William Broadus (1880) was an African American actor probably best known for appearing as himself in the War Department documentary THE NEGRO SOLDIER. He appeared in five feature films from 1936-41 and one of those was TOO HOT TO HANDLE (1938), where IMDb says he played the Medicine Man. Unfortunately, several actors are listed as medicine men, so the photo I ran last year may not have actually been Broadus. Once again this year, I’m not sure the photo is Broadus. He has a uncredited role in the film SUNDOWN as the Village Headman. Since this is the man who speaks with the British officers early in the film, I’m making a guess. The film, by the way, had several TIGers involved. It was directed by Henry Hathaway, Marc Lawrence played an Arab trader, daredevil Frank Clarke was the pilot, Dorothy Dandridge was the wife of one of the native soldiers and Blue Washington and his son Kenny were both in the film.

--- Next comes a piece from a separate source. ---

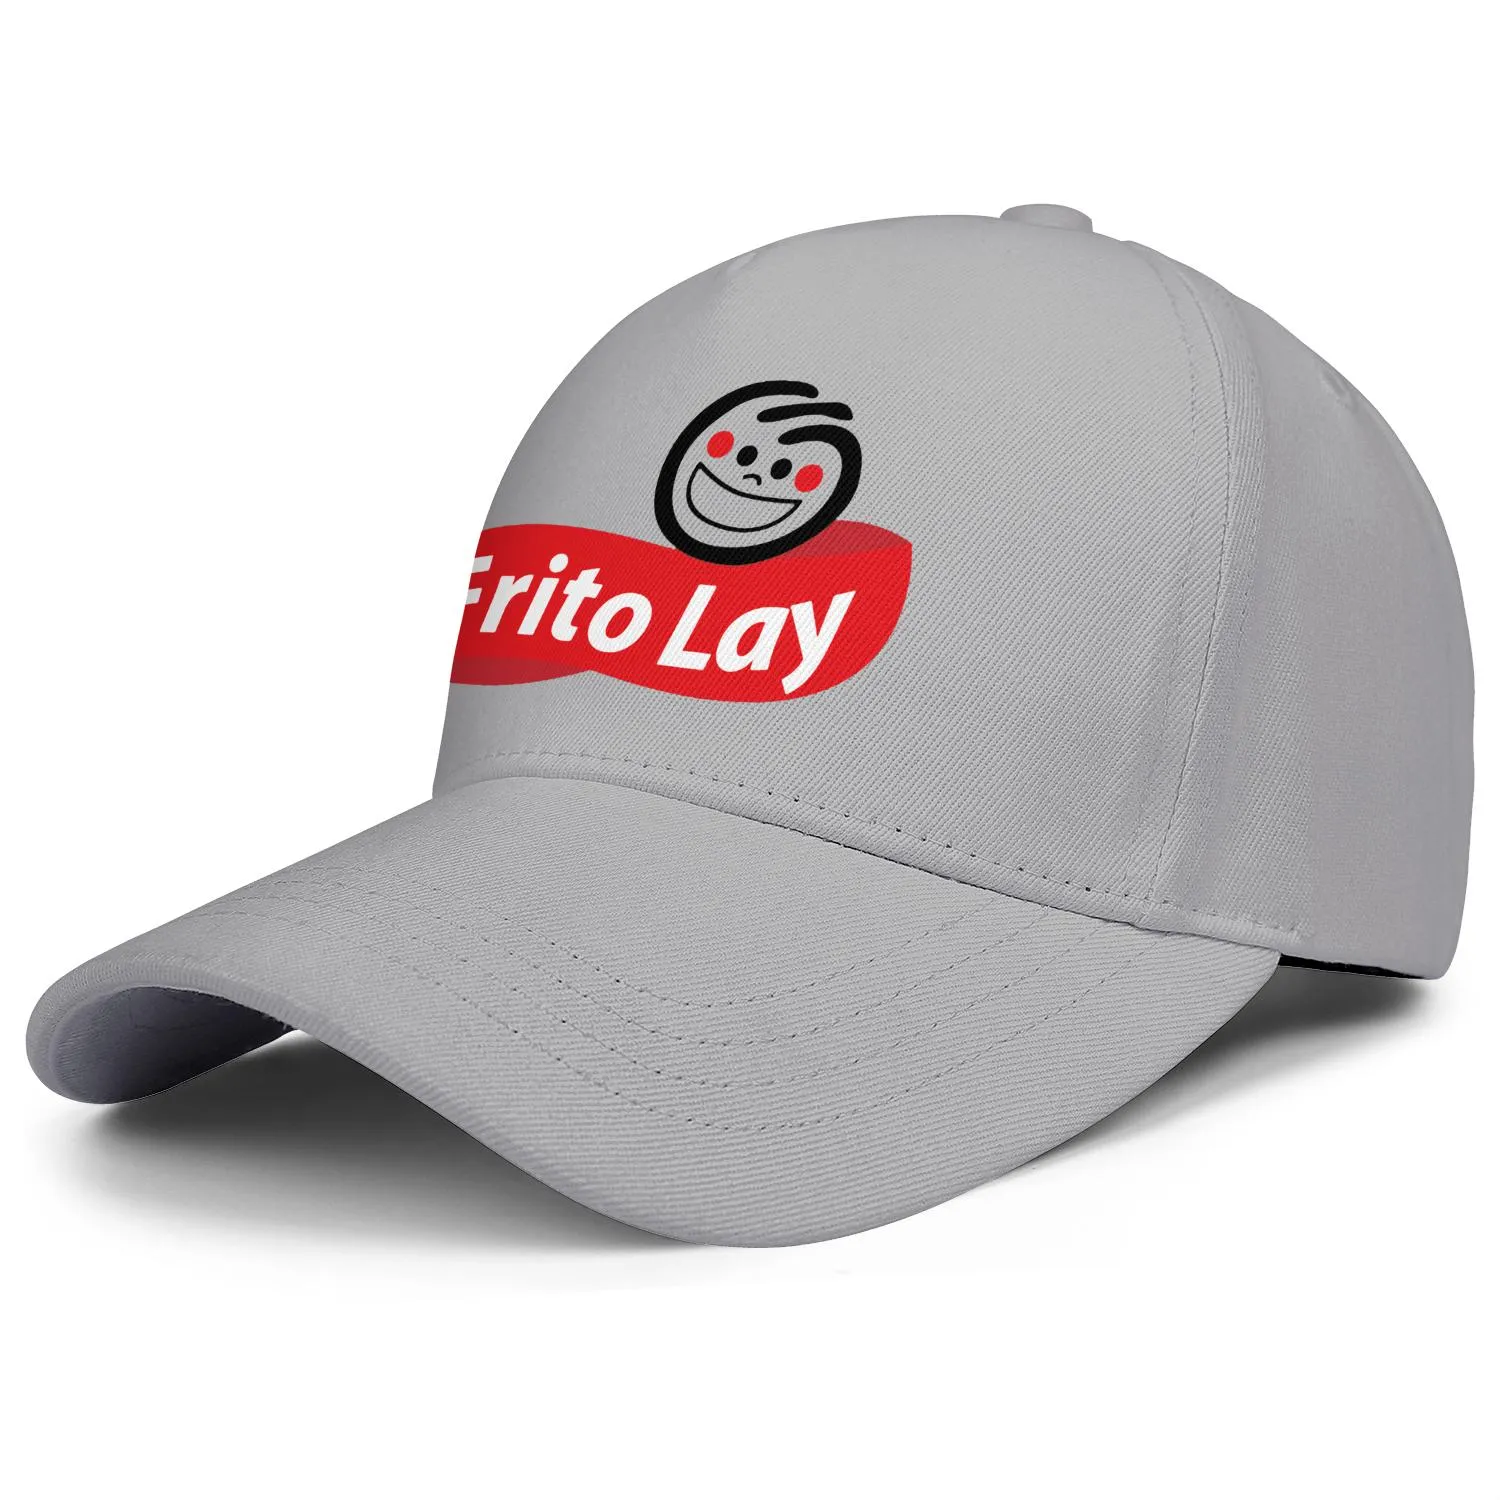 Fritos-Lays casquette de camionneur réglable pour hommes et femmes, casquette de baseball personnalisée vierge, logo Frito-Lay Potato Chips Frito303z
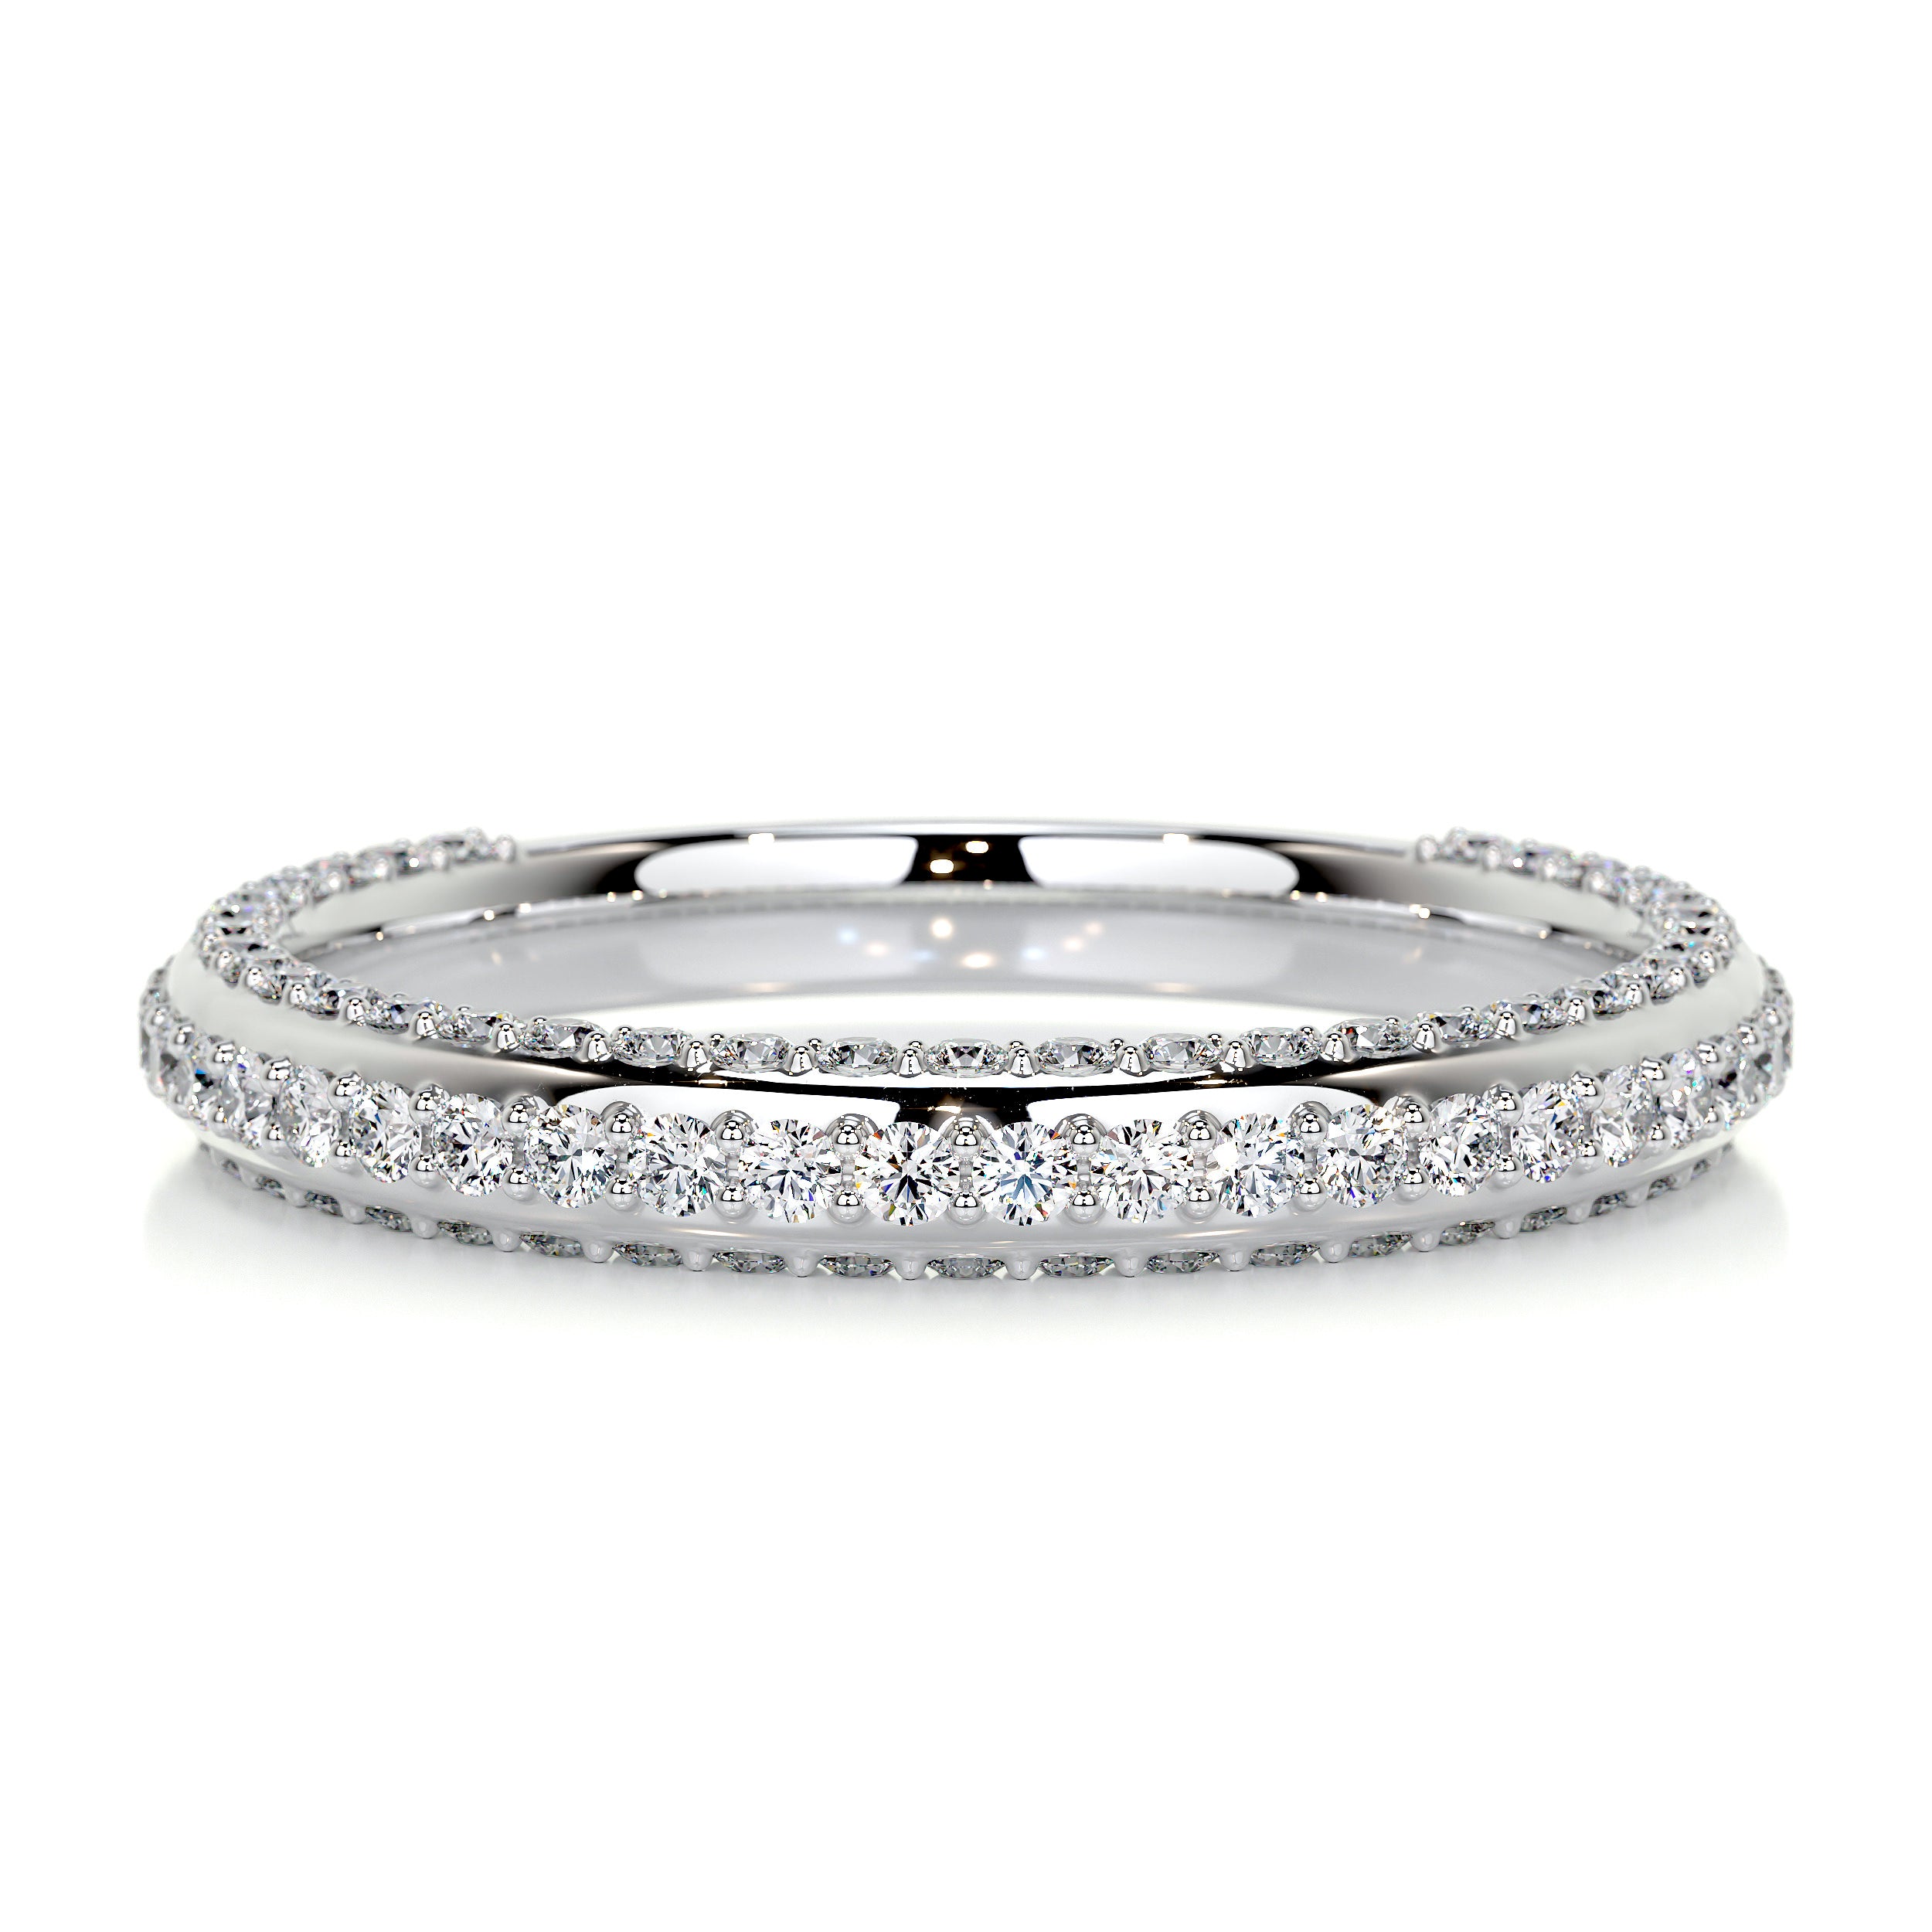 Anastasia Diamond Wedding Ring   (0.75 Carat) -18K White Gold

It’s another short and sweet TODAY IN GINNY! I have exactly one birthday to share.
Louise Beavers (1902) played Clairce (that’s the spelling on IMDb) in SCANDAL STREET (1938). Virginia played Wilma “Willie” Murphy in the film. The IMDb biographer says of Beavers, “1930s and 1940s film actress Louise Beavers was merely one of a dominant gallery of plus-sized and plus-talented African-American character actresses forced to endure blatant, discouraging and demeaning stereotypes during Depression-era and WWII Hollywood.” Very true.
She actually got a chance to shine that many others didn’t when she played Delilah Johnson in the 1934 version of IMITATION OF LIFE. Unfortunately, after that success there were still only bit roles as domestics available to her. She was in HOLIDAY INN and MR. BLANDINGS BUILDS HIS DREAM HOUSE but probably received her greatest notoriety nationwide when she replaced Ethel Waters for the final season of the television series BEULAH. The photo is from HOLIDAY INN.